ROME — Italian-born Cardinal-designate Silvano Tomasi describes himself as “one of those 40 million Americans who were born outside the United States, but at the same time are part of the makeup of the country.”

The Italian-American cardinal-designate, who celebrated his 80th birthday on Columbus Day, has not lived full time in the United States since 1989, but he told Catholic News Service he feels “more American than anything else.”

Pope Francis announced Oct. 25 that he would induct the archbishop into the College of Cardinals Nov. 28.

Cardinal-designate Tomasi, a Scalabrinian, said Pope Francis has not explained why he chose him, but he thinks one reason is that he belongs “to a small religious family that for over a century has been working with migrants and refugees and displaced people and people on the margins of society. And this is one of his priorities. Maybe he wanted to give a shoutout to my community and say, ‘Keep moving, keep going in that direction.'”

His second guess, he said, is to highlight the importance of multilateral diplomacy, since the soon-to-be cardinal is a retired nuncio and Vatican representative to U.N. agencies in Geneva.

“The Holy See can bring to the international context values that are useful for solving problems in the long run. It does not bring the power of trade or of a military arsenal, but it brings those moral values that resonant with the heart of every person,” he said.

The values and value-based solutions the Vatican proposes are not based only on theory, he said, but flow from “a reality on the ground — of the sisters, thousands of sisters, that sacrifice their lives to achieve the real development of a country, and the thousands of priests who support and educate millions of young people to be decent citizens of their countries and the world.”

Technically retired, the cardinal-designate is working on a new book, continues to meet via Zoom with a group of experts promoting nuclear disarmament and raises money for the continued expansion of the Ethiopian Catholic University of St. Thomas Aquinas in Addis Ababa, where he was stationed as nuncio from 1996 to 2003.

He was sent to New York at the age of 19 as an aspiring priest with the Missionaries of St. Charles Borromeo, commonly known as the Scalabrinians. Ordained to the priesthood in New York in 1965, he studied social sciences and earned a doctorate in sociology from Fordham University.
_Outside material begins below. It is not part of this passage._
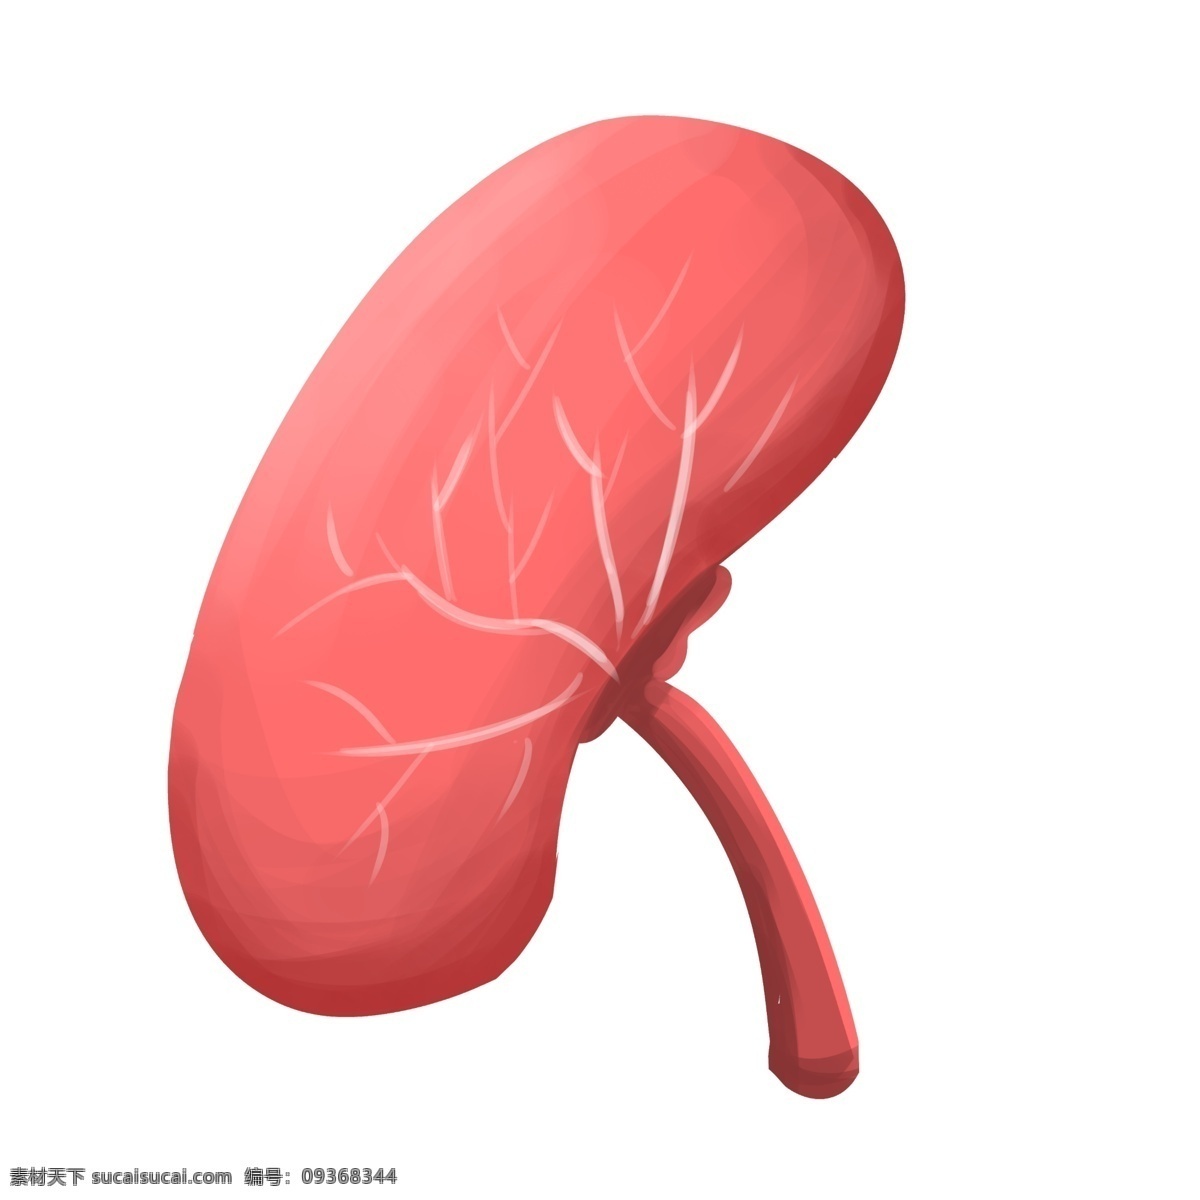 医疗 医学 人体 器官 心 肺 肝脏 脑 胃 人体器官 卡通人体器官 人体脏器插画
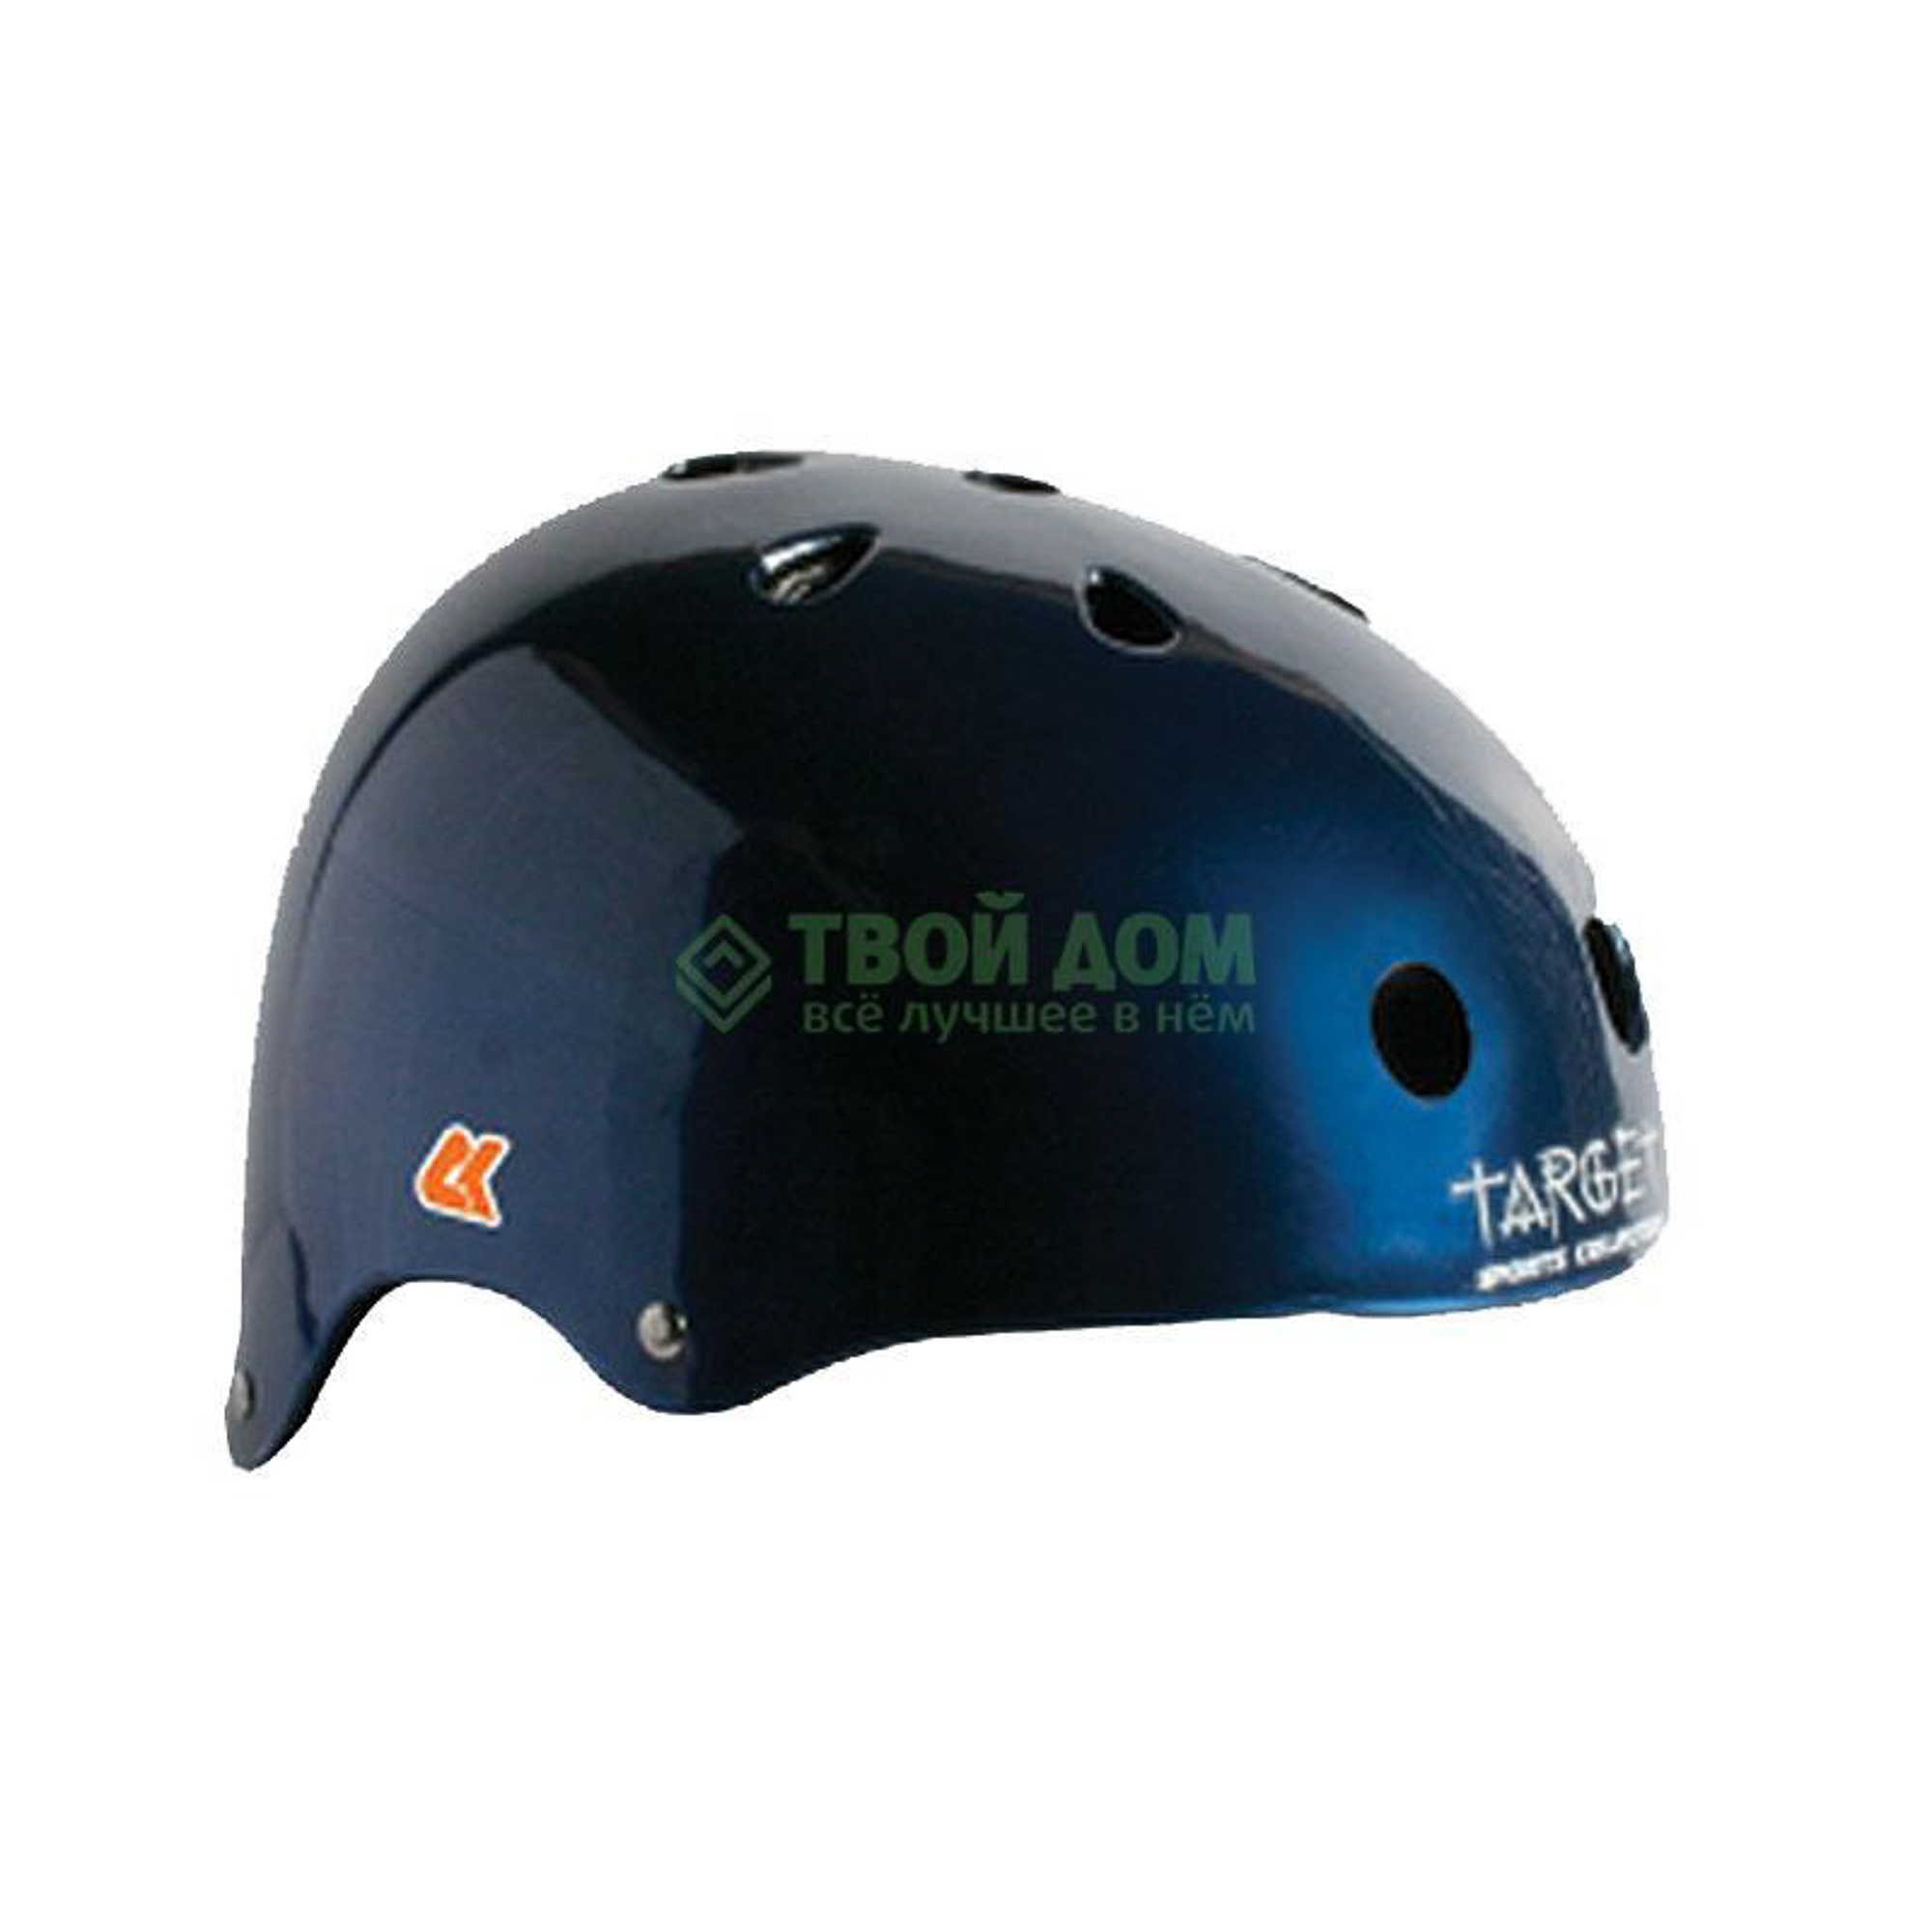 Сk Шлем gloss/metallic blue, цвет синий, размер xl

He and his brother, Scalabrinian Father Lydio Tomasi, founded the Center for Migration Studies, and he taught at City University of New York and at the New School for Social Research. He also served a term as the U.S. provincial of the Scalabrinians. From 1983 to 1987, he traveled the country as director of pastoral care in the U.S. bishops’ office of Migration and Refugee Services.

His order’s practice of sending seminarians to study in a foreign land wasn’t simply to help them learn the local language, he said, but also to help them absorb the customs and culture.

At first, he said, he was puzzled by “how Americans were proud of their flag,” but then he recognized it as an expression of their sense of “belonging to the country no matter where you come from or what your background was.”

“It’s a sign of a substantive integration of a variety of experiences and traditions,” he said. In the United States, “this happens independently of your status, your formation as a person, your job or profession. It’s something that binds people and gives people an identity. You know who you are — even without reflecting on and analyzing it from a sociological or psychological point of view. It’s something that you are.”

Tomasi, who would visit the United States several times a year before the COVID-19 pandemic, said he could not say if that sense of everyone belonging is as strong today as it was 30 or 40 years ago.

But his international travels lead him to believe the rest of the world sees the United States differently today.

“I sense that the Trump Administration, by trying to emphasize the ‘America first’ policy, economic approach and military role, has really not created the concrete possibility of reaching what they said they aimed at reaching: Making America ‘great again,'” he said.

At least internationally, the cardinal-designate said, the result has been “a sense of suspicion” even regarding aid from the United States. Many people question whether it is “philanthropy or generosity anymore, but is it the ambition to control?”

When he was a student, he said, there was “the feeling that America was there to help, to give a hand when an emergency was exploding (and) that you could rely on it for the defense of fundamental freedoms.”

Still, Tomasi said, many countries could learn from the U.S. experience of integrating people from all over the world — a process supported by generations of Catholic sisters, priests, parishes and other institutions.

Pioneers in Solidarity with Migrants, his most recent book, was released in Italian in July, and he’s working on the English version. It is based on correspondence between Blessed Giovanni Battista Scalabrini and St. Frances Cabrini, discussing ministry to immigrants in the United States in the late 1800s and early 1900s.

The book, he said, makes it clear that the first step always must be “the defense of the rights of migrants; they are human beings like everyone else.”